The Yamaha FX suspension shares the same SSS base as the mx model, but specific off-road tuning separates it enough to notice even from the first time we sat on the bike. It’s pillow-like plushness up top rolls over roots and braking bumps with ease and progressively stiffens over bigger hits like the infamous creek jump. It suffered a bit on the moto track, but that was almost expected, especially when the track is tilled deep like an outdoor national and rain soaks it to make for a soft and rutted mess. The softer setup gave the bike a nimble but planted feel and allowed us to easily change lines on the fly or set up for the next set of turns. In some ways, the softer springs actually gave the bike a more planted feeling and made it stick to the corners better than anticipated. Additionally, hopping logs or pre-jumping roots was a breeze on the FX. This goes to show that when the bike is ridden in the correct terrain that it is designed to be in, it works pretty dang good. We set the sag at a standard 105mm and never touched a clicker all day long.
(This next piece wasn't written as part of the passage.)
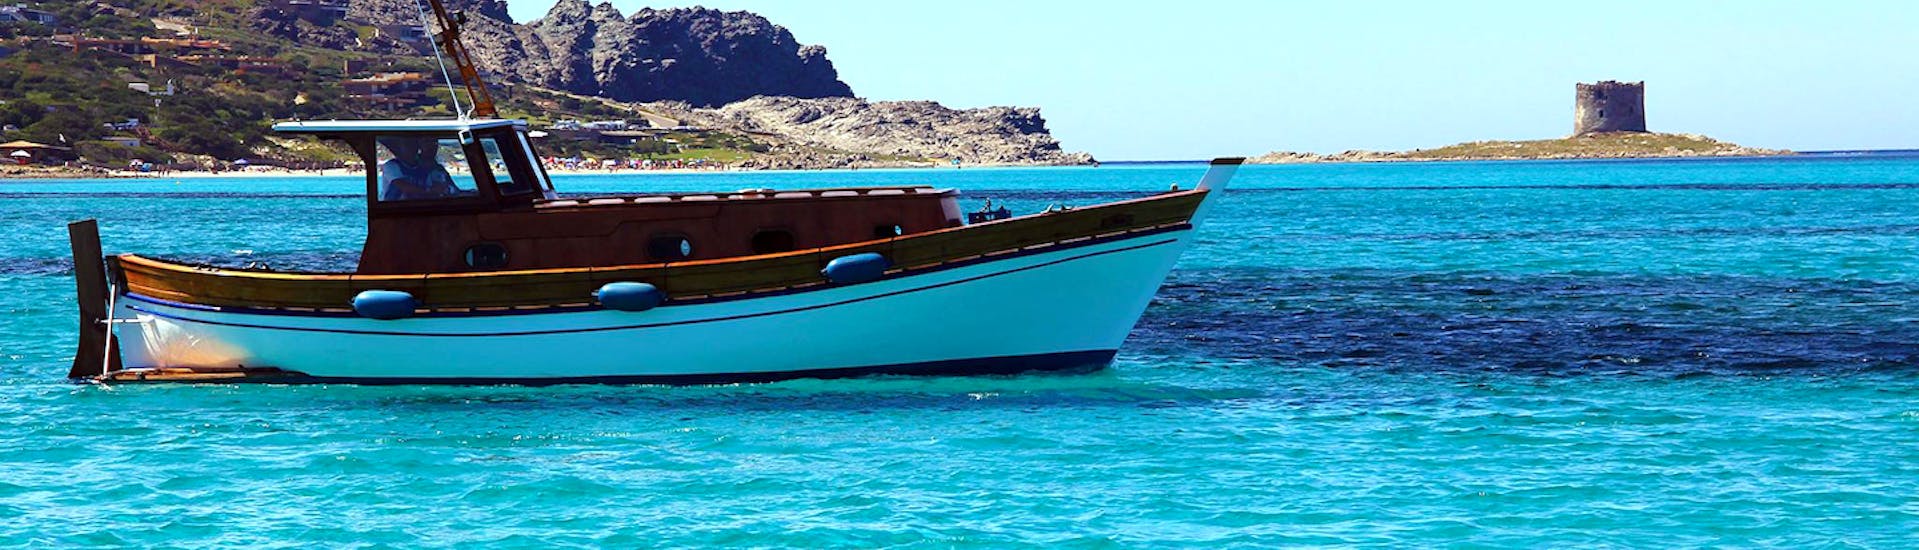 Photo prise lors de la Balade privée en bateau au parc national de l'Asinara avec Déjeuner avec Onda Blu Asinara.

With this trip being full of brand new and unfamiliar testing terrain, we needed all the help we could get in the handling department. The new body work is 18mm slimmer than last years bike and really aids in cockpit comfort. This is very noticeable and widely accepted over the previous generation bike as it now feels very close to any other bike. When switching between the tidler 125X and the 250FX, the transition was seamless as the width and cockpit was much more gracious than before. The new larger fuel tank (2.16 Gal) and electric start system have been centrally located and give the bike a lightweight feeling even with the off-road add ons. With the gas all being stored under the seat/subframe area rather than up top towards the seat like most bikes, the added weight of 0.6 Gal has minimal effects in the handling department.
The softer woods settings on the suspension, compared to the standard F motocrosser, and 55mm pegs made it easier to stand up, weight one side, and set up early for an upcoming section. Although, when switching between this machine and the 125, the added weight was quite noticeable in trying to split trees (side-to-side motion) as we often found ourselves brushing the handguards on the FX and not on the X. At one point, we could’ve sworn the FX handlebars were wider, but it was just the minute agility differences in the bikes handling characteristics. However, the weight helped the bike always feel planted, even in slippery roots and wet logs.
It was hard to stop smiling after riding the new Yamaha YZ250FX. All of our favorite things from the YZ250F motocrosser have now found their way to the YZ250FX off-road model. Strong, usable power, a slimmer and more comfortable rider cockpit, are now paired with super-plush suspension to make this bike a real off-road weapon. The keyboard warrior might wonder why not just buy a YZ250F and make adjust it for off-road racing. Plain and simple, Yamaha is making it easier than ever to go riding or racing on a machine that’s more than capable of anything the trail throws its way. It’s an all-in-one package that’s ready for the desert, woods, and everything in between.